§ MATERIAL TO PROCESS:
★ ★ ★ ★

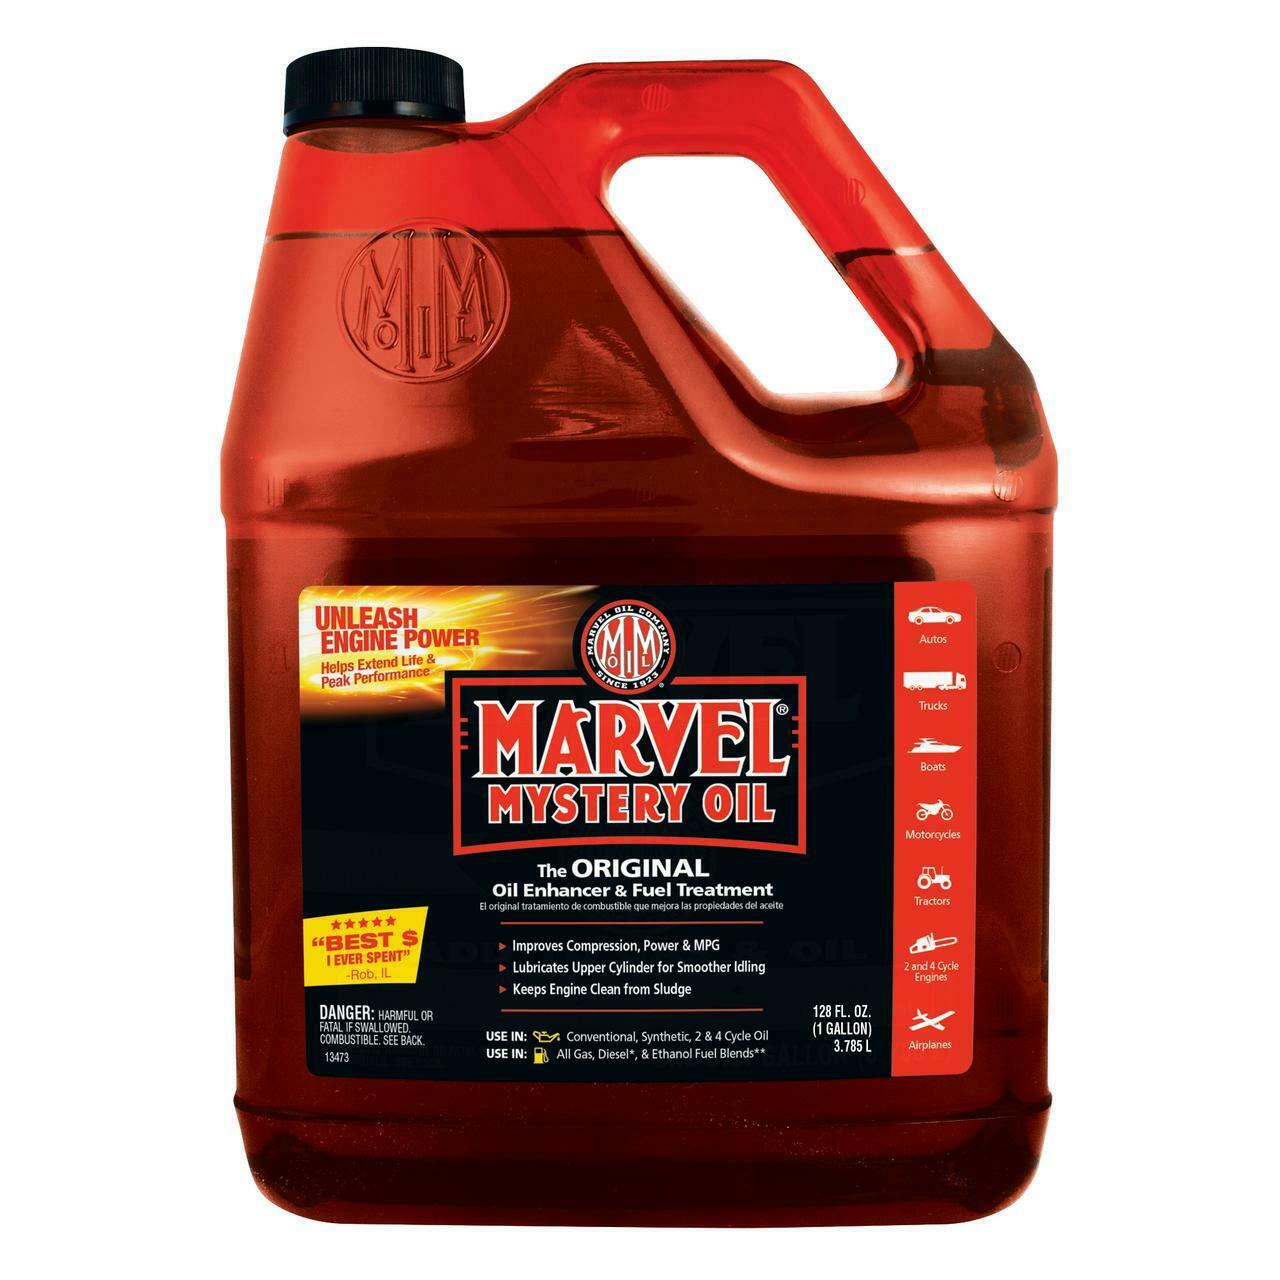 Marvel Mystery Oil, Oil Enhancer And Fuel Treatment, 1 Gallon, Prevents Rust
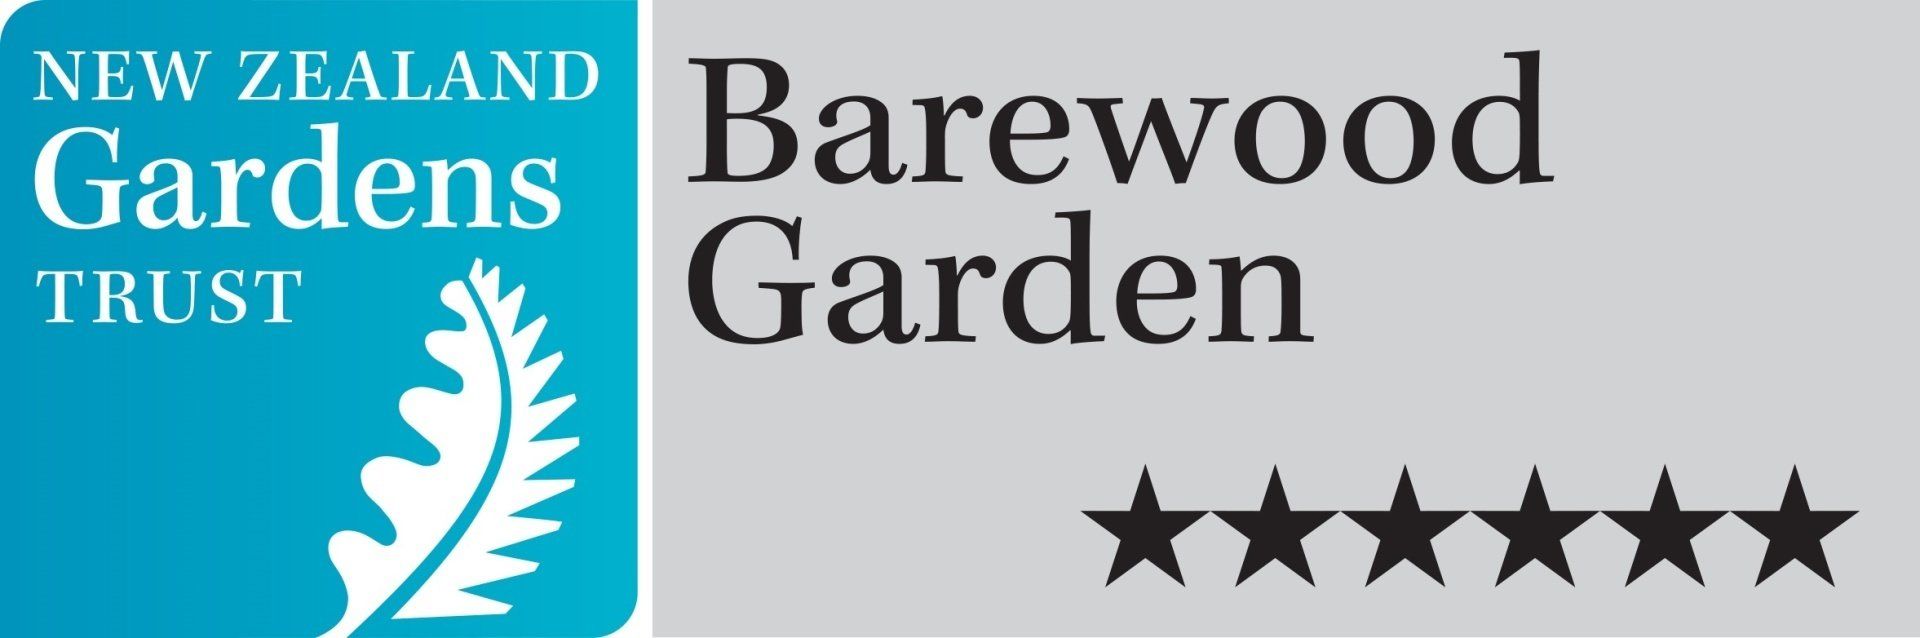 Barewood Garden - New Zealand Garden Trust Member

★ ★ ★ ★

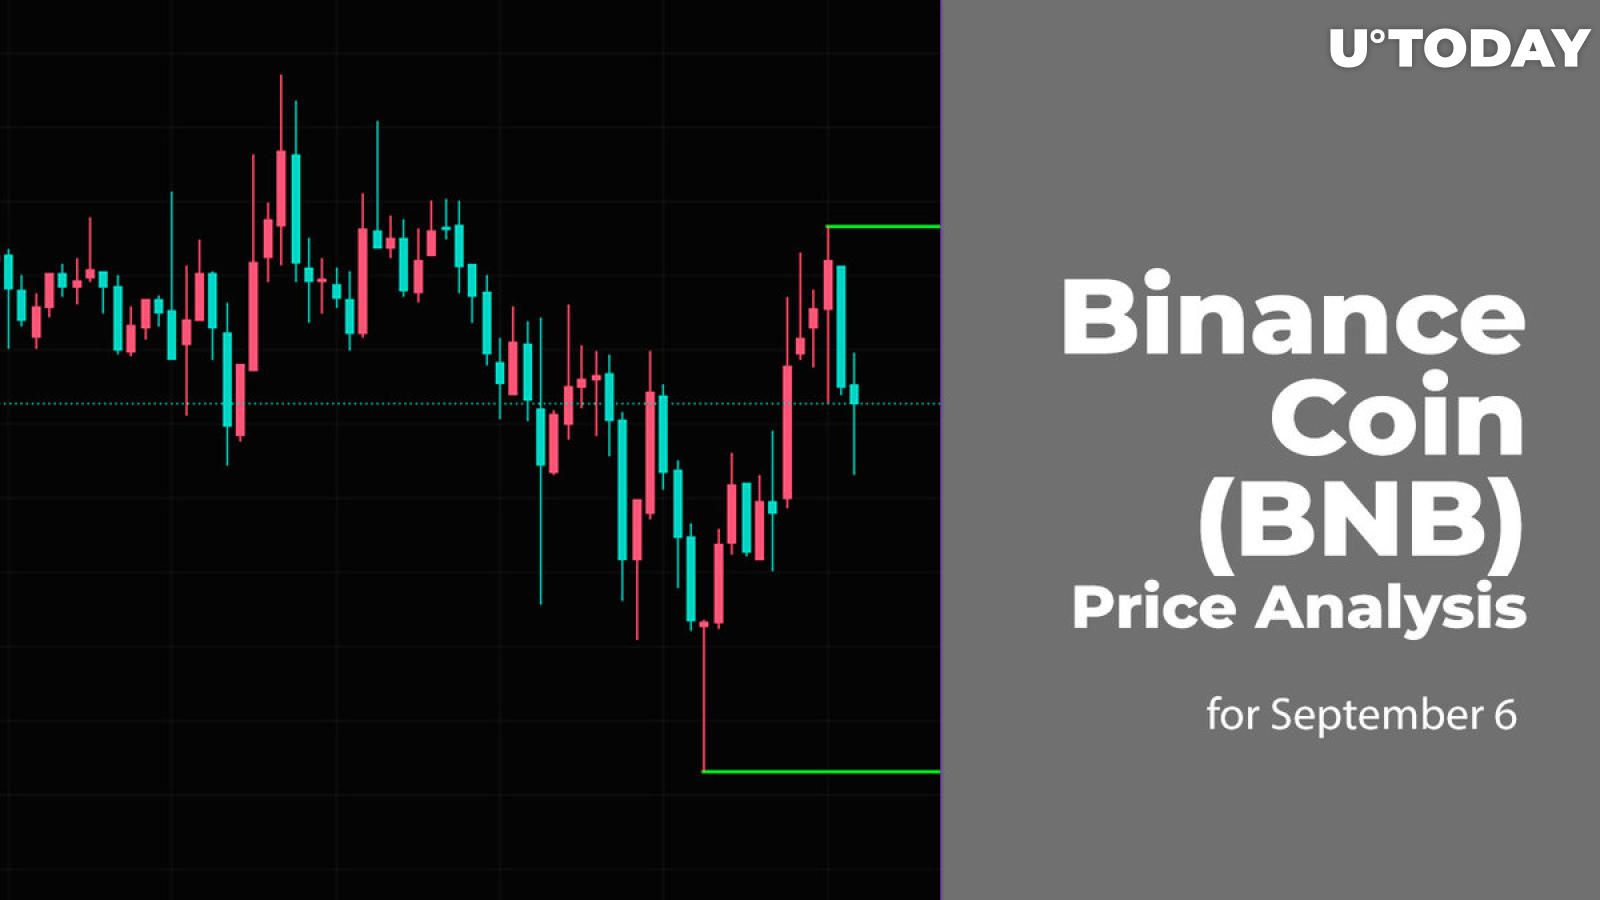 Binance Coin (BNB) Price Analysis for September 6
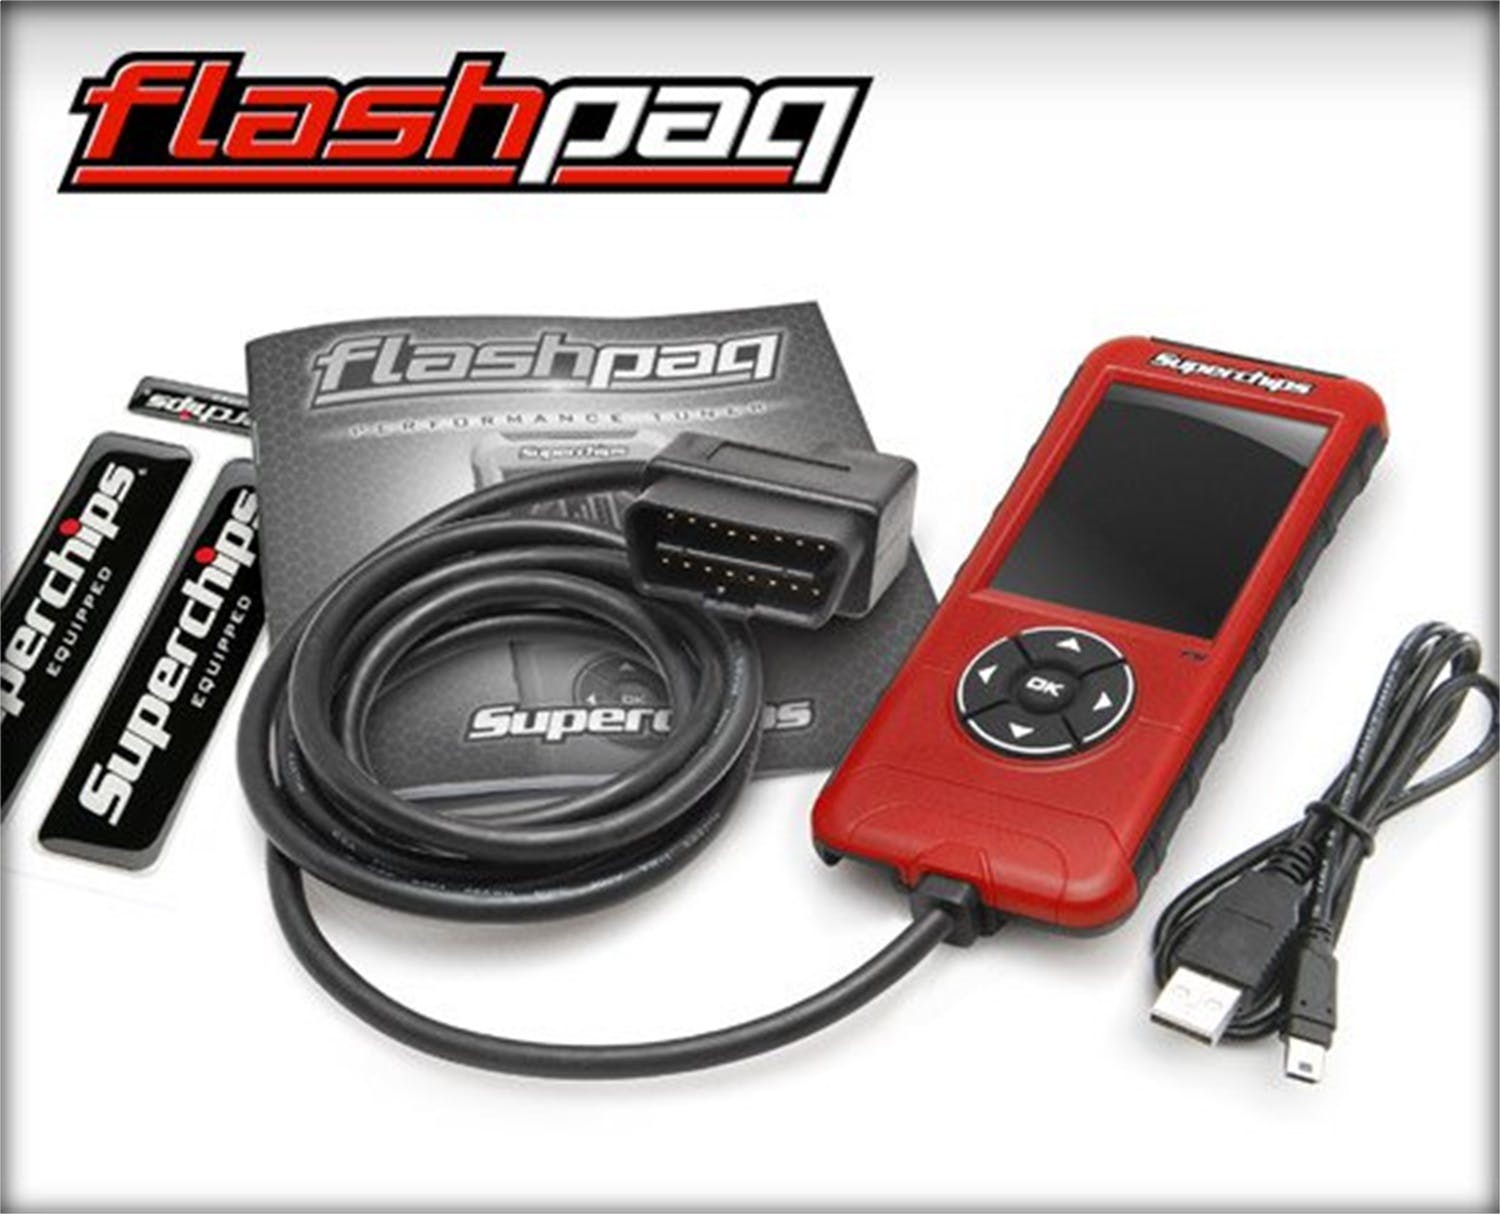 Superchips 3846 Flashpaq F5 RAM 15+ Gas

★ ★ ★ ★

§ PROBLEM DETAILS:
Go back to the lines above and output, exactly as they stand, the ones from the line containing "Binance Coin (BNB)" to the line containing "Superchips 3846 Flashpaq F5 RAM 15+ Gas". Leave all pictures behind.

§ REPLY:
 Binance Coin (BNB) Price Analysis for September 6
 Superchips 3846 Flashpaq F5 RAM 15+ Gas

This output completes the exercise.